Job losses moderate in April
Job losses decelerated in April, suggesting that the nation's economic downturn may be short and shallow rather than long and severe. Nonfarm payrolls fell by 20,000 -- far fewer than the average 80,000 jobs per month lost during the first quarter of the year, Labor Department data showed. The decline was much less than expected. Economists surveyed by MarketWatch expected job losses of 78,000. April's jobless rate inched down to 5.0% from 5.1% in March. Economists had been expected the jobless rate to tick higher to 5.2%. The report suggests that the U.S. labor market didn't continue to deteriorate in April. It may bolster the case that a pause by the Federal Reserve is in order following its aggressive campaign of lowering interest rates. But there will be another jobs report before the next Fed meeting at the end of June.

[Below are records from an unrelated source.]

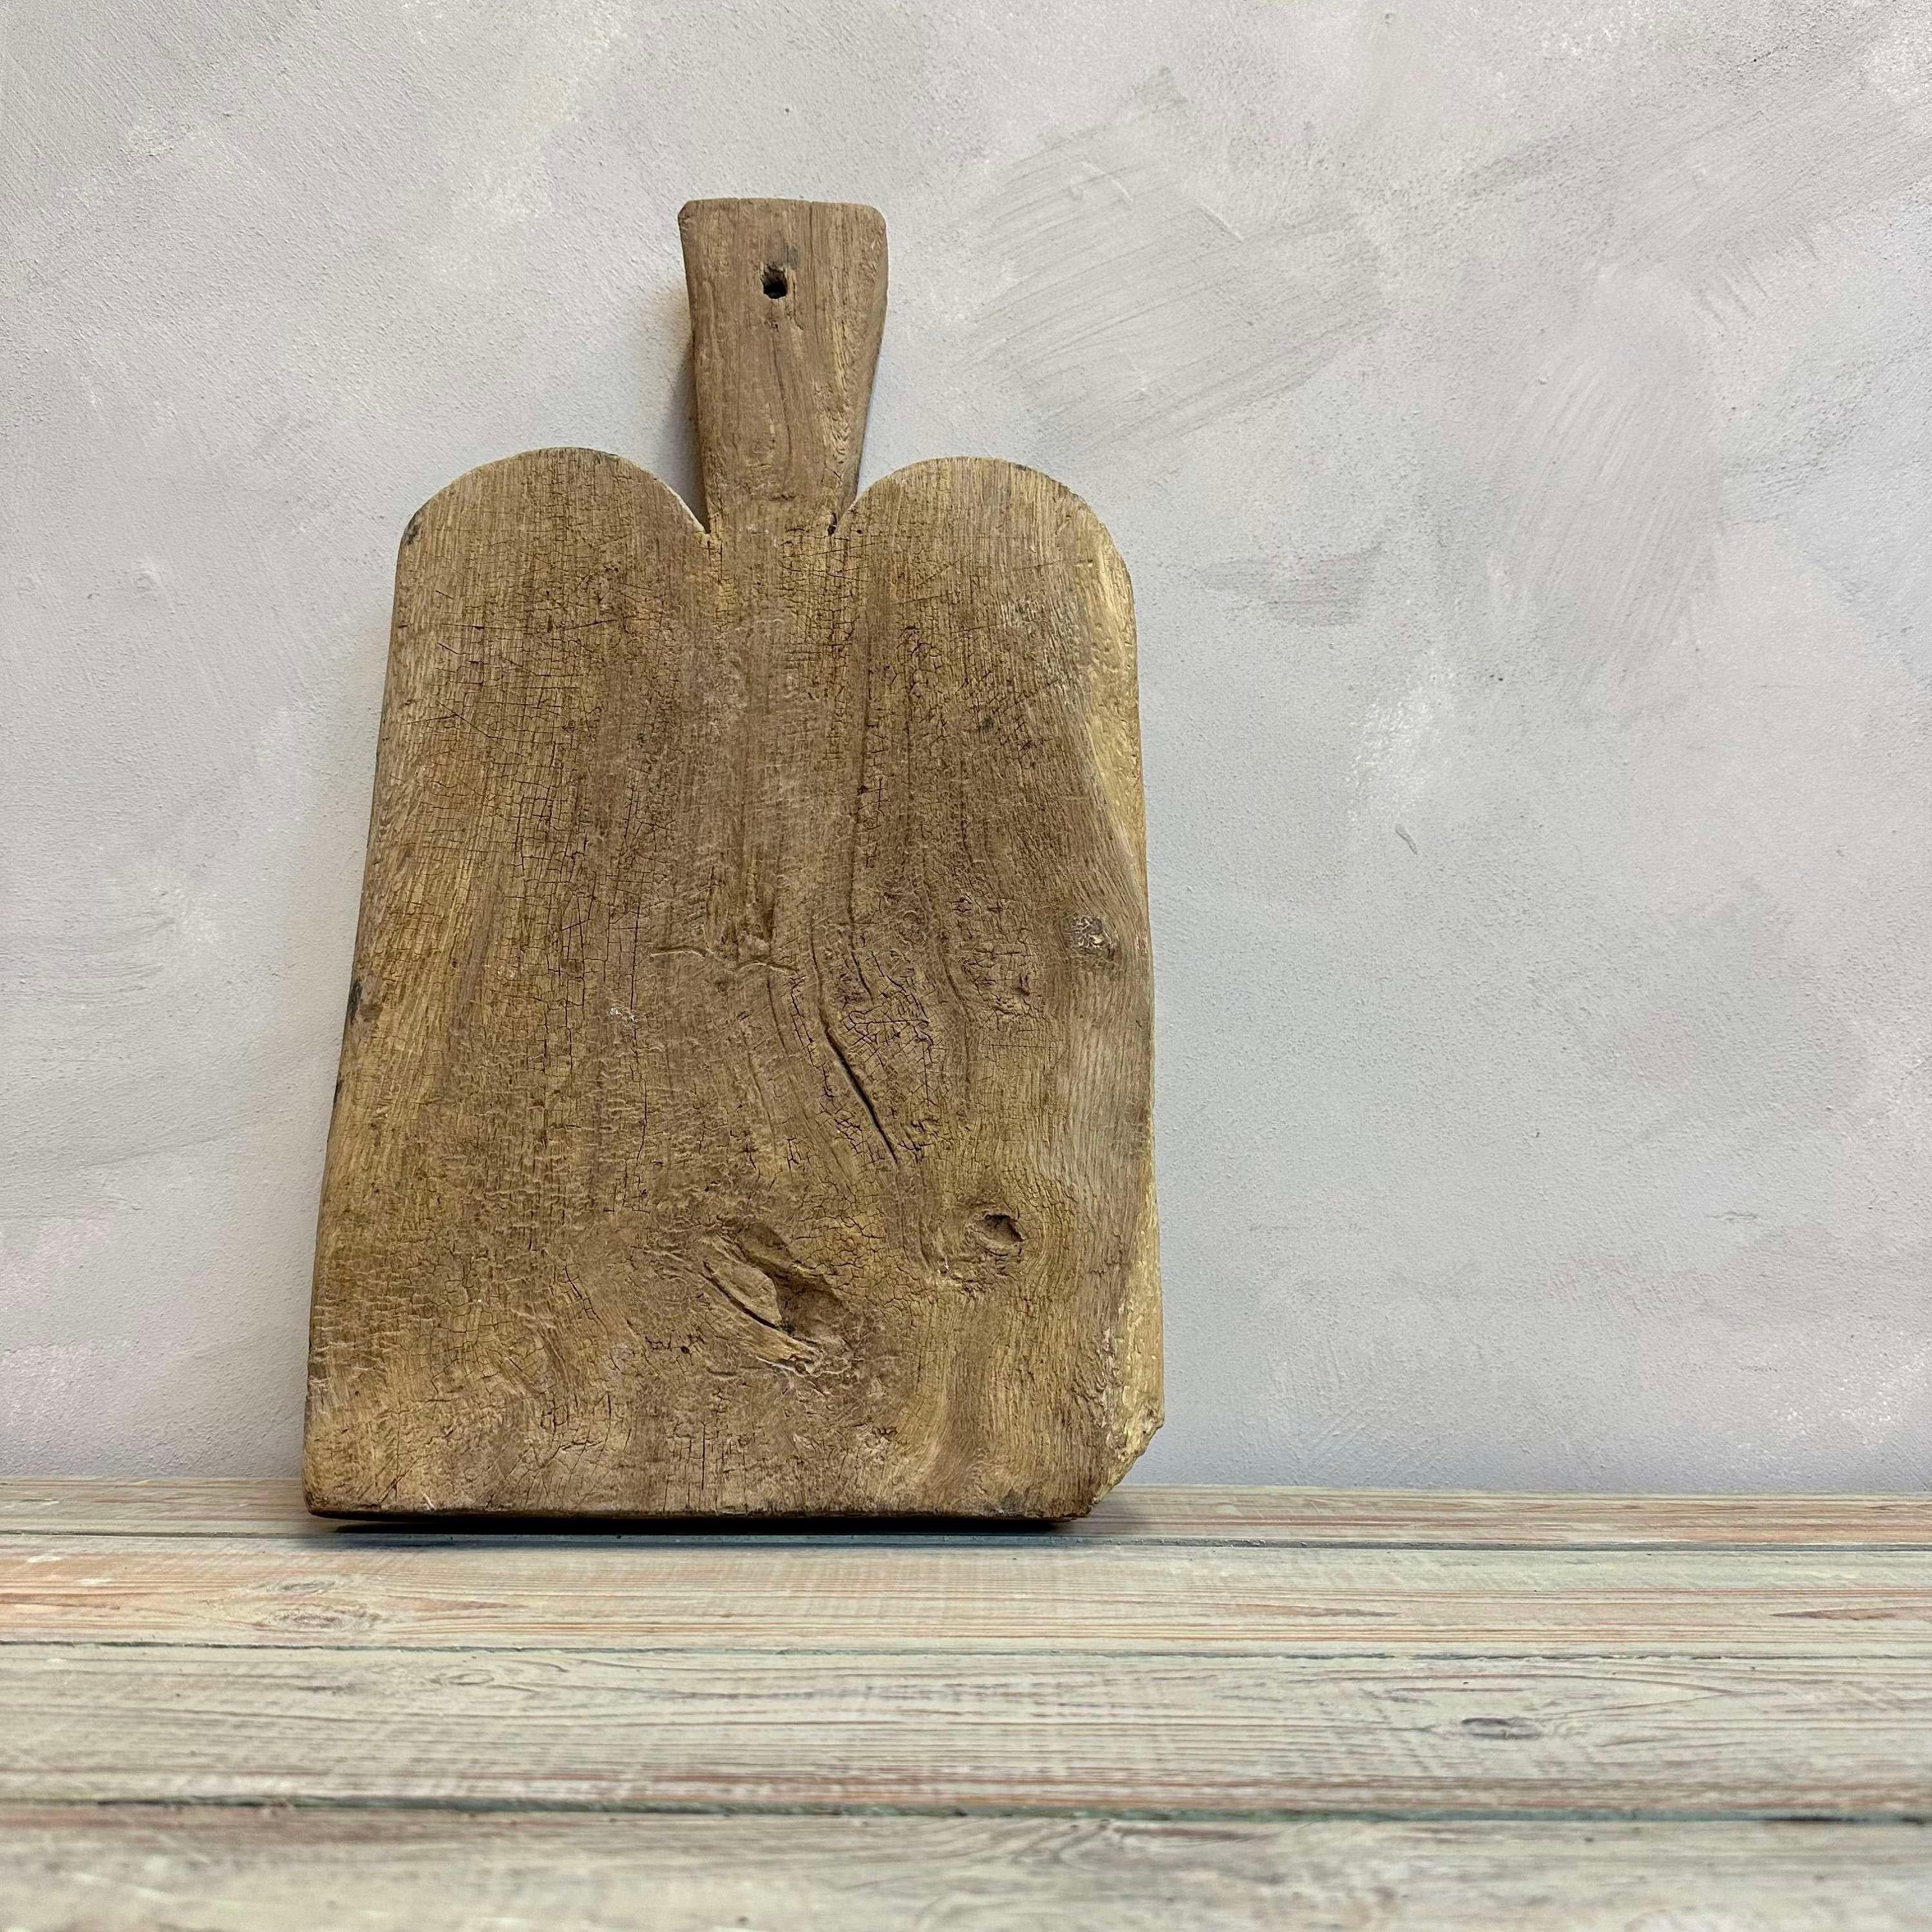 Early 19th Century French primitive cutting board.
From use this has a lovely gnarled texture.

Height -49cm
Width -27cm
Depth -5cm

Please message if any further info or photos are required 

We are happy to work with you with your choice of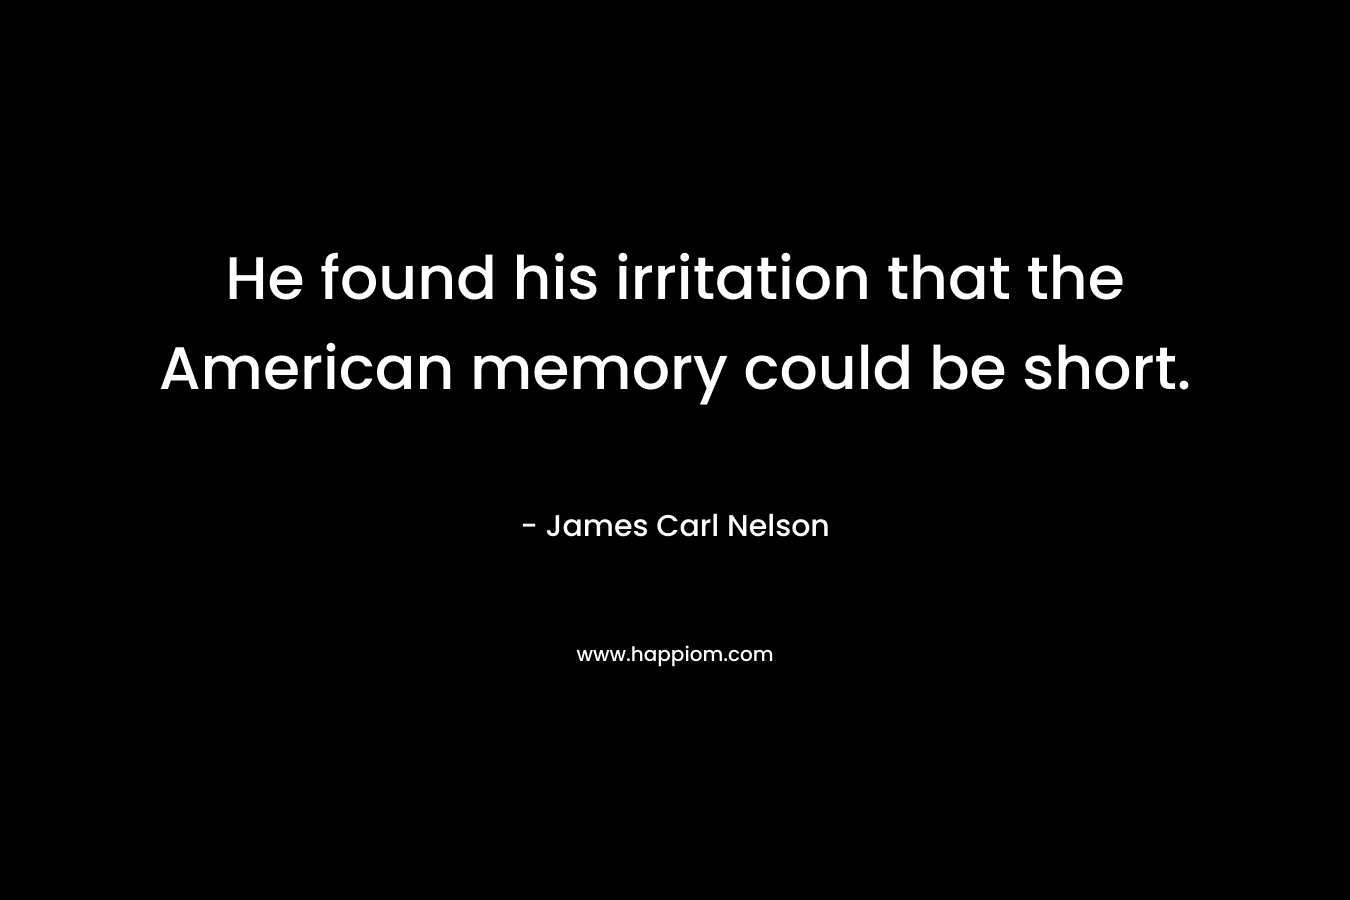 He found his irritation that the American memory could be short. – James Carl Nelson

Fed expands funding, to accept more securities
The Federal Reserve, along with other central banks, said Friday that it was increasing the funding it provides to banks and that, for the first time, it was willing to accept bonds backed by auto loans and credit cards. "In view of the persistent liquidity pressures in some term funding markets, the European Central Bank, the Federal Reserve and the Swiss National Bank are announcing an expansion of their liquidity measures," the Fed said in a statement. Three-month London interbank offered rate -- a benchmark for lending between banks -- was 2.78% Thursday, well above the 2% Fed funds rate. The Federal Reserve announced an increase in the amounts auctioned to eligible depository institutions under its biweekly Term Auction Facility to $75 billion from $50 billion, beginning with the auction on May 5.

U.S. Dollar Rally Not Based on Fundamentals
"Commodities fell the most in six weeks as a rally in the dollar eroded demand for energy, metals, crops and livestock as alternative investments," reports Bloomberg. We take issue not with the facts-commodity prices have fallen-but with the analysis. The price of energy, metals, crops, and livestock are rising because the supply of those things is rising less fast than the supply of dollars (and U.S. government debt). The Bloomberg analysis casually suggests that investors rotate their portfolios out of greenbacks and into herds of Black Angus...and then back again when confidence in the dollar returns. Inflation, though, begins with the money supply. We reckon that as long as it remains the strategy of the U.S. government to inflate away its long-term debts, commodity prices will rise and the dollar will move lower toward its intrinsic worth.

Linens 'n Things files for bankruptcy protection
Linens Holding Co., the operator of Linens 'n Things home furnishings retail chain, said Friday it filed for Chapter 11 bankruptcy protection with plans to shut 120 underperforming stores, becoming the latest retailer to fall under the weight of declining housing markets and other economic worries. The chain, which private equity firm Apollo Management LP bought for $1.3 billion in February 2006, will continue to operate without interruption. It also expects to be well stocked ahead of the back-to-school and holiday selling seasons as it secures $700 million in debtor in possession financing from General Electric Capital Corp.